Churchill’in bahsettiği dünya düzenin üzerinden 80 yıl geçmiş olabilir. ( Çok şey de değişmemiş gibi. Rusya’nın Kırım ve Suriye’de aldığı kararları görünce.)

Ancak bundan 2,5 yıl önce Trump’ın ABD Başkanı seçilmesiyle dünya kamuoyunun ilgisini çeken “Ticaret Savaşları” artık gazete manşetleri için magazinsel bir konu olmaktan ya da “Ticaret Savaşını bırak Kur Savaşına bak” diye başlık atan finans dünyasının plaza kalemşörlerinin yazı malzemesi olmaktan çıktı.
Trump bir anda, Çin’in ABD’ye sattığı vergisiz kalan son 300 milyar dolarlık ürüne yüzde 10 ithalat vergisi koyunca, ABD ve Çin arasında yaşanan gerginliğin bir süre sonra tatlıya bağlanacağını düşünlerin sayısı hızla azaldı.

Buna mukabil , Çin’in taktik değiştirmesi ve Yuan’ı tehlikeli bir şekilde devalüe ederek küresel piyasalarda panik yaratması, çoğu kimsenin beklediği bir şey değildi.
Herkes Çin, ABD ile ortak uzlaşı noktası arayacak derken, Pekin’in “ABD’den tarım ürünü alımını azaltın” direktifi tam bir soğuk duş etkisi yarattı.
 
“Trump ayağına kurşun sıkmaz. Bir süre sonra geri adım atar” korosunun da sesi kesilmiş gözüküyor. Sanırım onlar için de alarm sesi, ABD’nin yapmaz denilen şeyi yapıp “Çin’i kur manipülatör ilan etmesi” oldu.
Bundan sonra belli ki gerginlik artmaya devam edecek.

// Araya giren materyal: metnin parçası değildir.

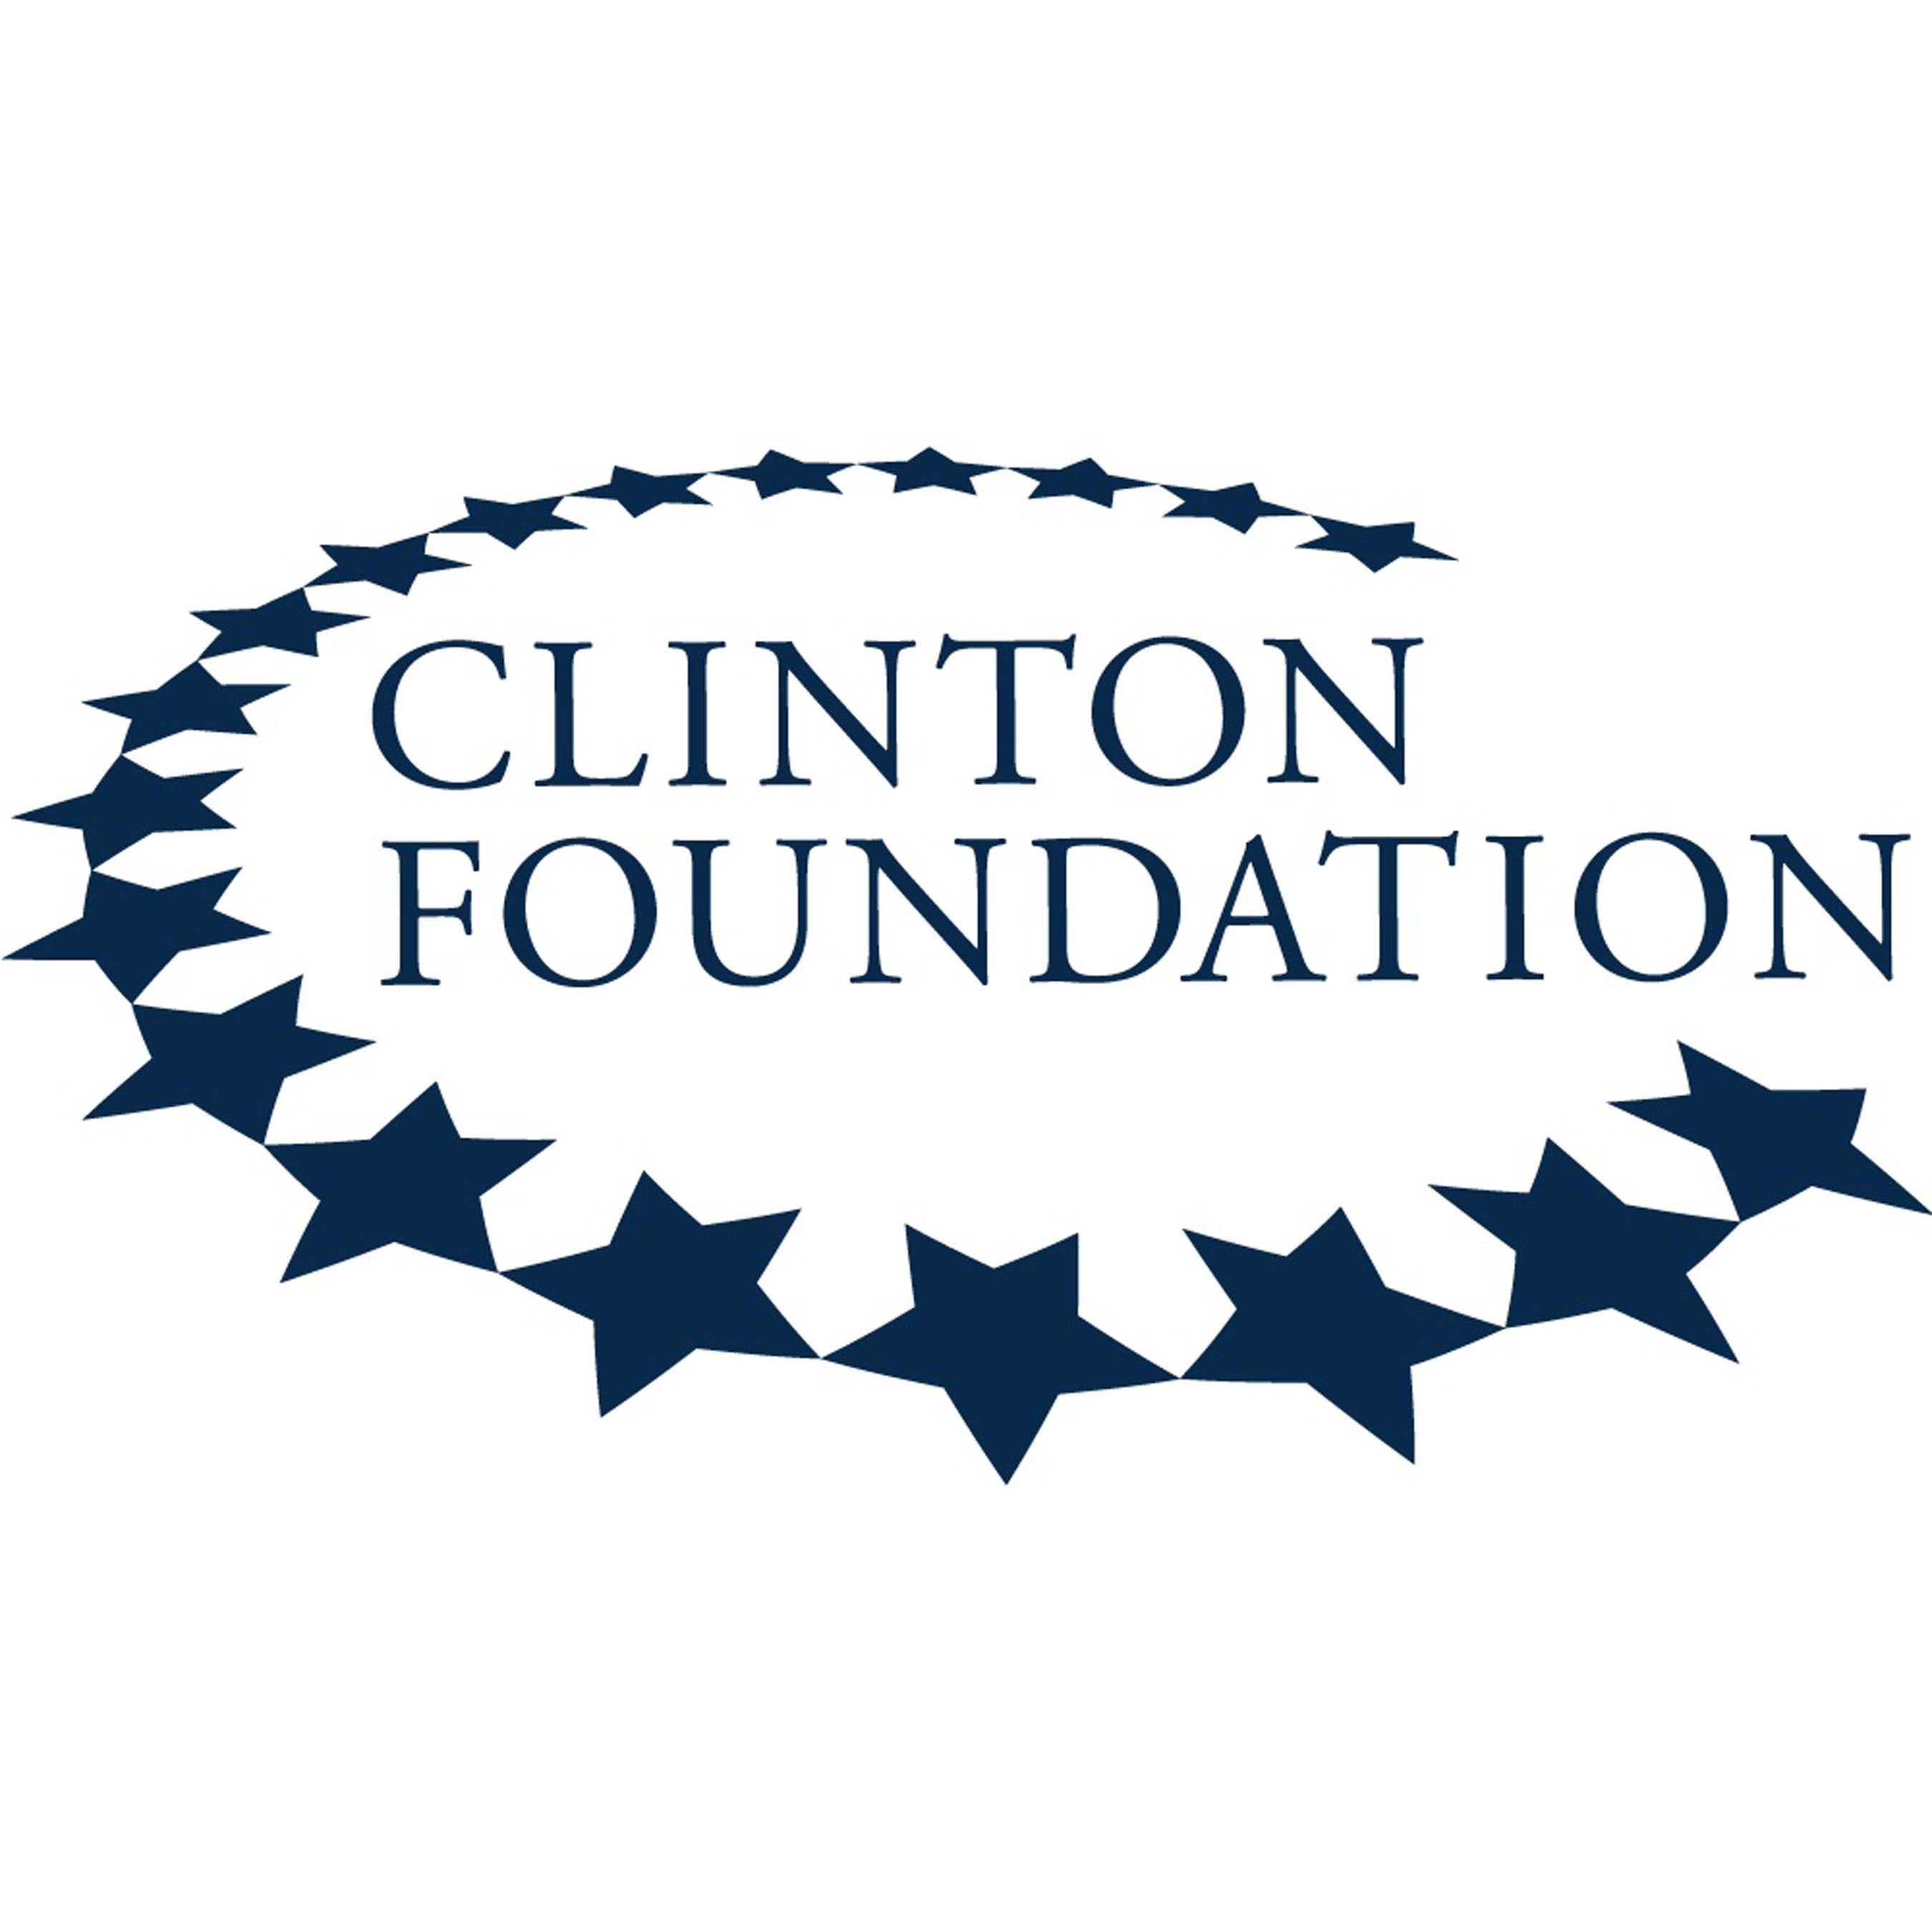 Clinton Foundation Logo. (PRNewsFoto/Univision) (PRNewsFoto/UNIVISION)
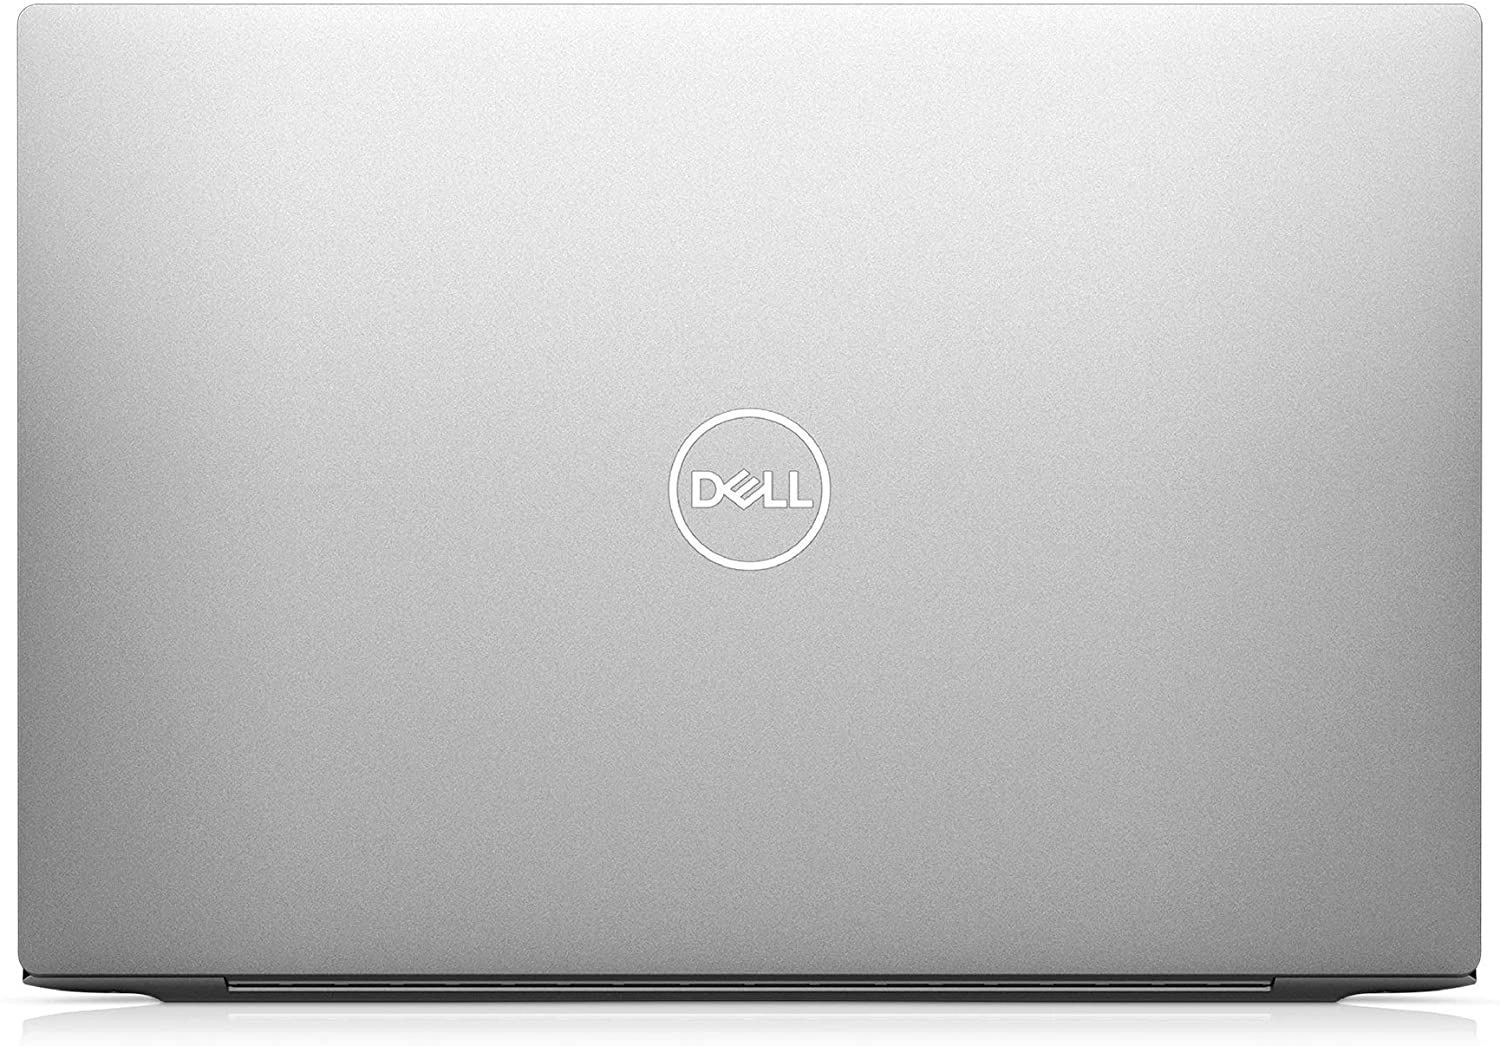 Dell XPS9300-7909SLV-PUS laptop image

Ticaret Savaşları denilen kapışma aslında Kissinger’ın bahsettiği “Yeni dünya düzeninde Rusya ve Çin’in ortaklaşa ABD’nin kurallarını yıkma” çabası. Hedefte de Avrupa var.
Avrupa, Batı’nın bir parçası, ABD’nin arka bahçesi mi kalacak? Yoksa Çin ve Rusya bu coğrafyayı “EuroAsia”ya katabilecek mi?
Bu sorunun cevabında Türkiye’nin tercihi de önemli bir yer kaplıyor. Trump bunun farkında. Çin ve Rusya’nın da farkında olduğunu düşünüyorum. Avrupa ya da AB bunun farkında mı? Zannetmiyorum. Onlar hala günlük kısır çekişmelerinin peşindeler.